Youtube 3D

Media

You can’t use Google Chrome or Safari to view this video in 3D. At least not at the time of this writing. Firefox will work but Chrome or Safari don’t have the options for some reason. The video will appear as two nearly identical videos side by side in Chrome, which is what the video looks like while I’m editing it, instead of the composite video.

The work flow for editing 3D video is very similar to 2D and doesn’t require much more time. The more I work with 3D video, the more I see the difference between 3D and 2D similarly to the difference between color and black and white pictures. Depth, like color, is an additional layer of information.

Aside from potentially having to adjust the positioning of the two videos in relation to each other, which is a breeze in Sony Vegas, there isn’t any difference I’ve found so far between the editing of 3D and 2D video.

Exporting the video may require an extra step. When I exported my 3D video it took a couple tries to find the codec that would work. I used the Sony codec that exported the file as an AVI. In Vegas. The video file I got would play fine, but it was also almost 10 GB (aka the same size as the newest iPod in 2002, advertised to hold “about 2,500 songs”).

That would have been a headache to upload to YouTube even on a reliable wireless network (no offense Mizzou Wireless) so I had to get the size down. I opened the AVI file in Adobe Premiere and exported the video again using the H.264 codec and checking the “match preset to source” box. This option might be available in Vegas but I’m less familiar with that program than I am with Premiere and in all my A/V classes we used H.264 and it hasn’t let me down yet.

The file Premiere exported was a much more manageable 90.5 MB MP4. To my knowledge, there has never been a 90 MB iPod.

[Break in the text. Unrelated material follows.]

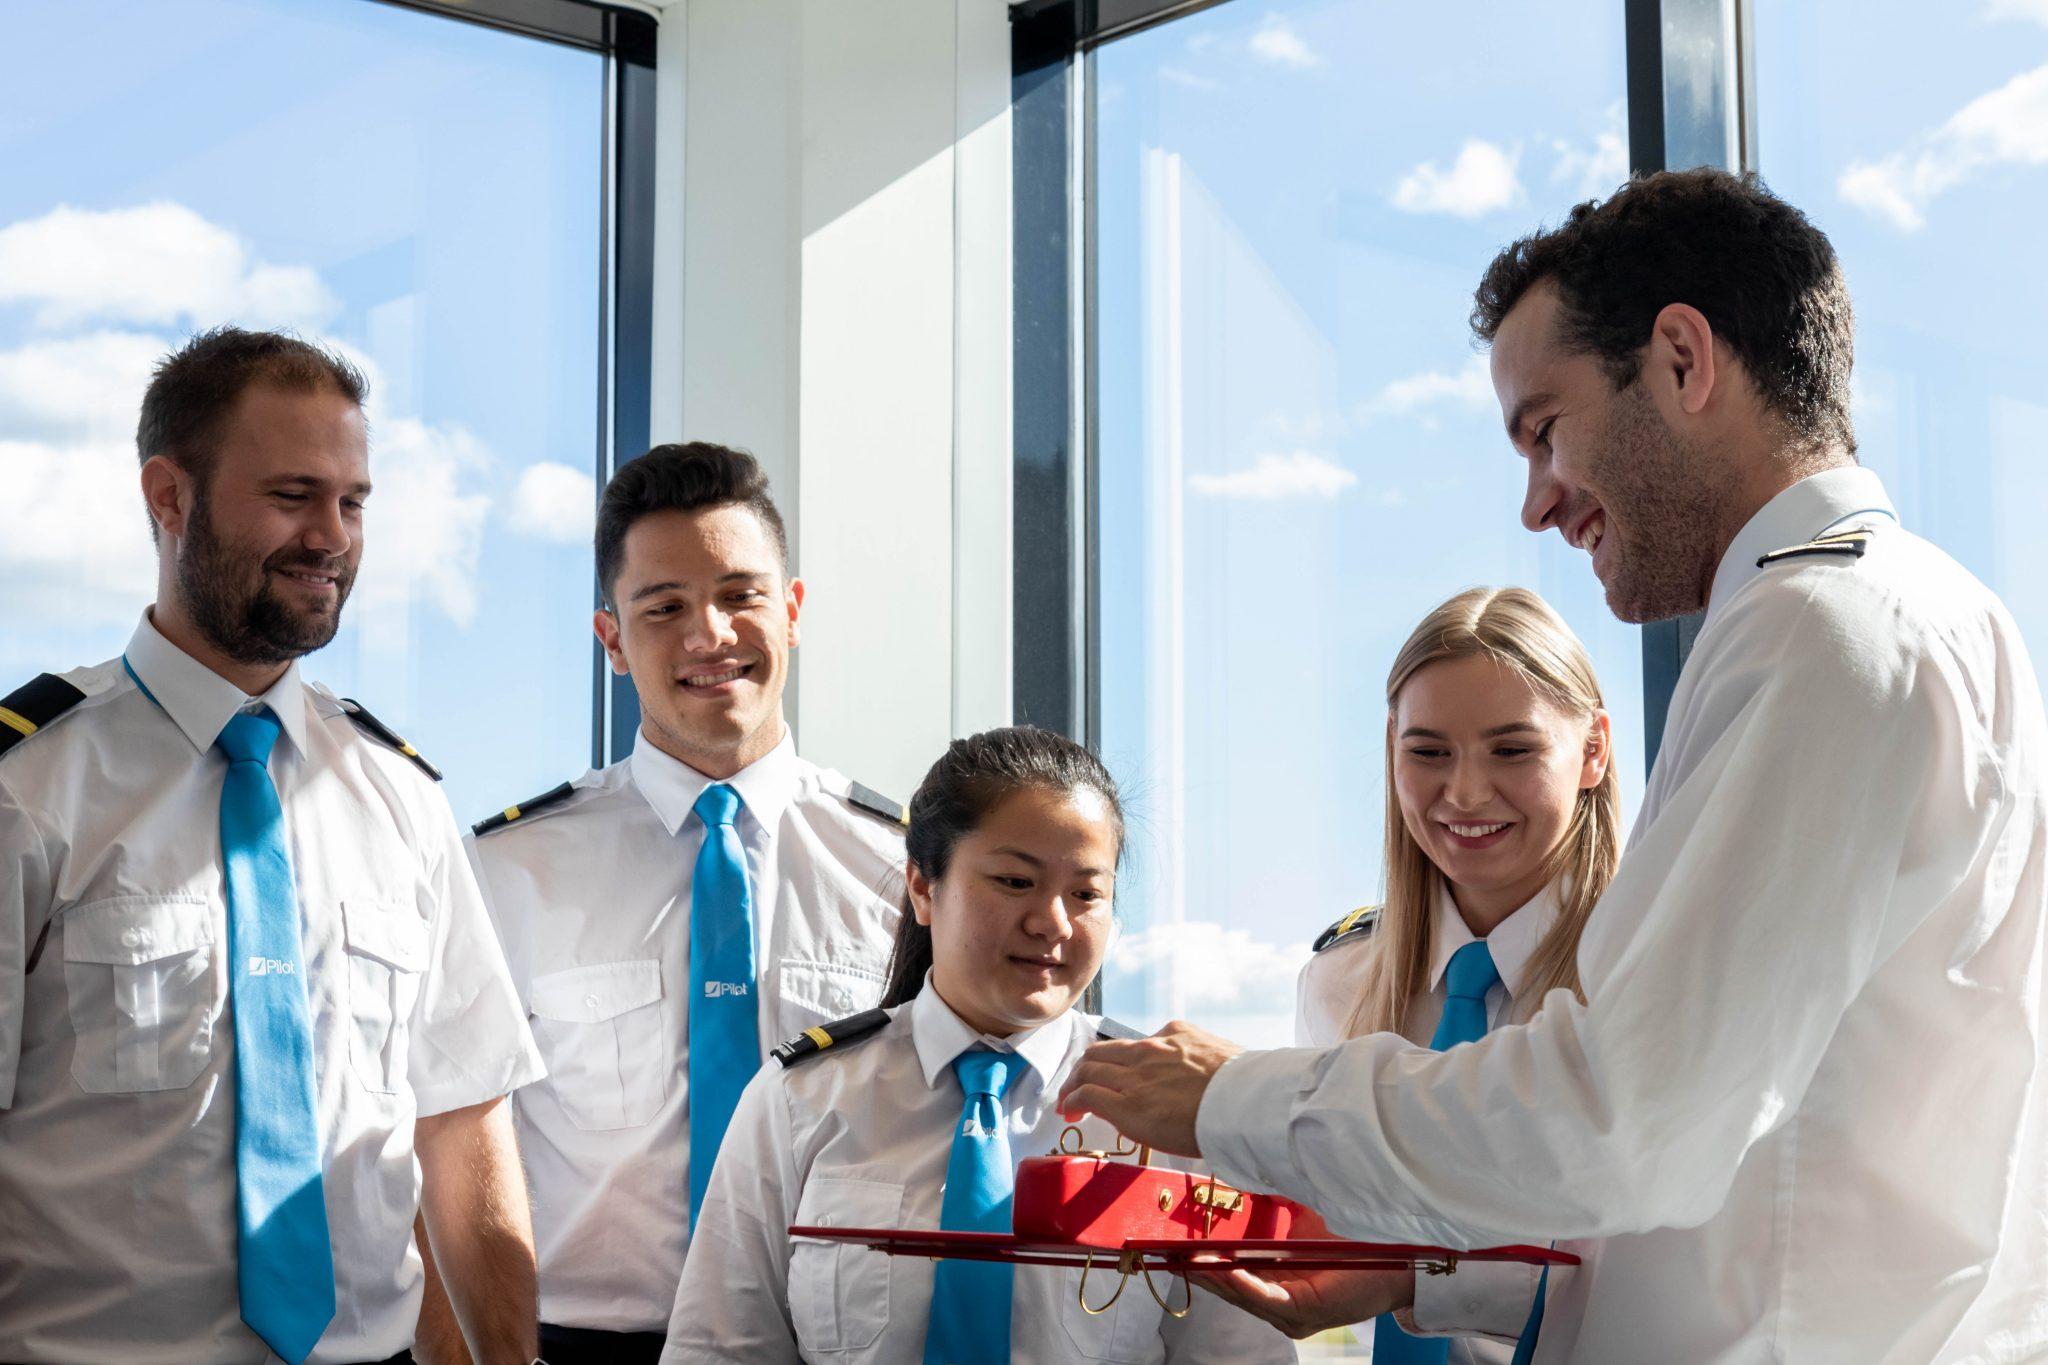 Flight instructor teaching students in briefingroom
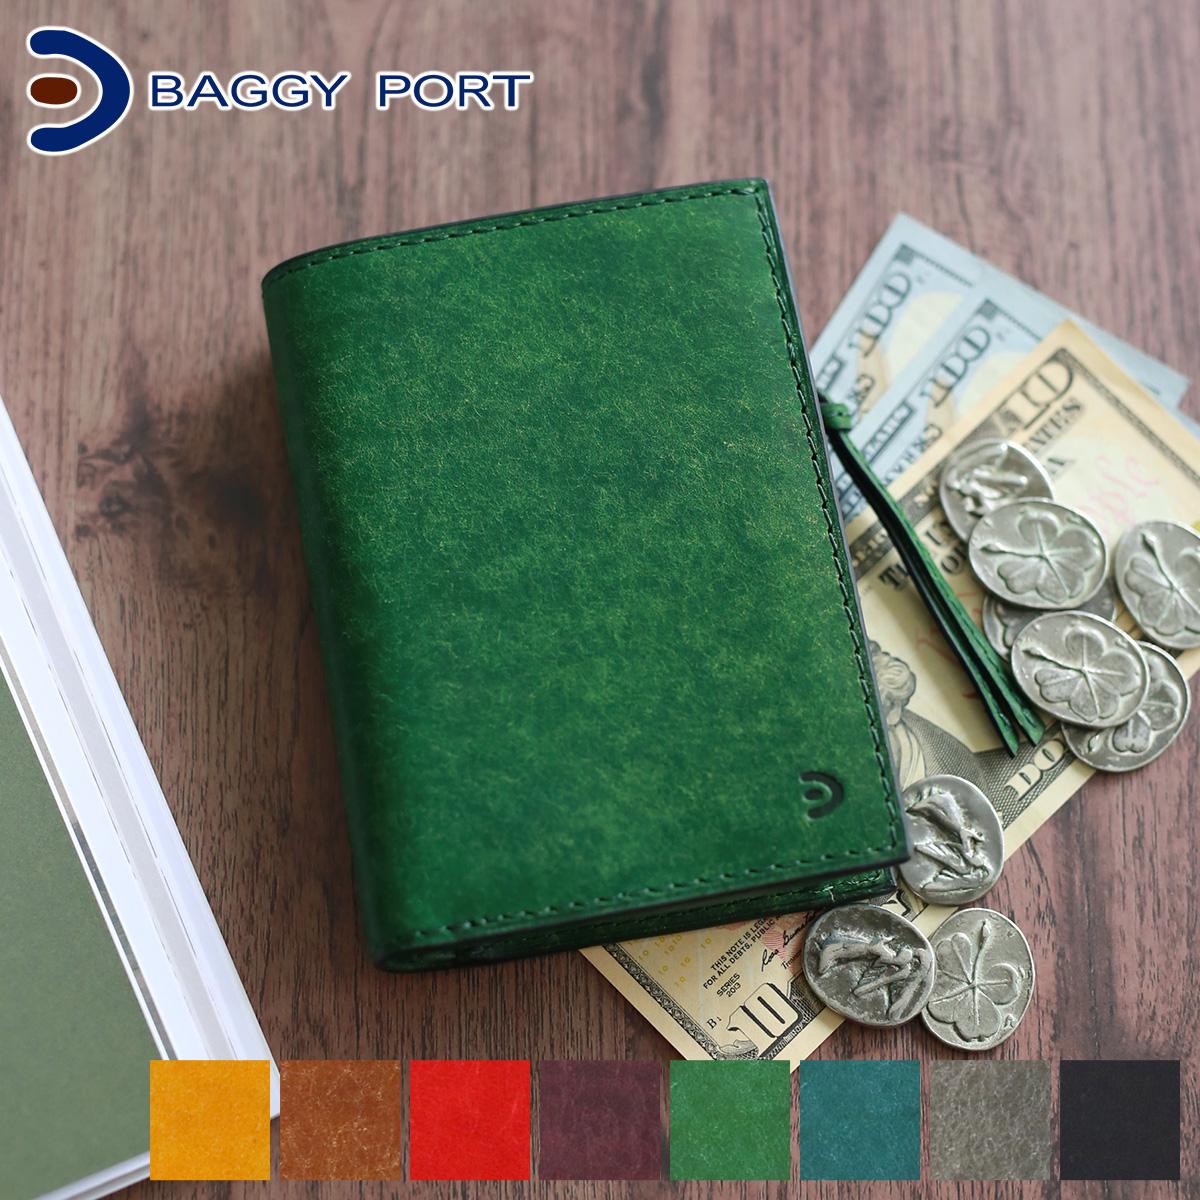 【選べる実用的ノベルティ付】 [ 新作 ] BAGGY PORT バギーポート 財布ブオナ 小銭入れ付き二つ折り財布 ZYS-2402メンズ レディース 二つ折り ギフト プレゼント

To view the video, which lacks any impressive depth, you will need either analglyphic (blue and red) glasses or a 3D TV. The purpose of the video was to test how virtual reality apps on a phone would appear in a video. One day I’d like to composite a 3D model over the phone so there will be something interesting to look at. Until then, I present roughly two minutes of barely 3D hands using a iPad and then a phone.

The app in the video, by the way, is the Augment Virtual Reality app I described last week.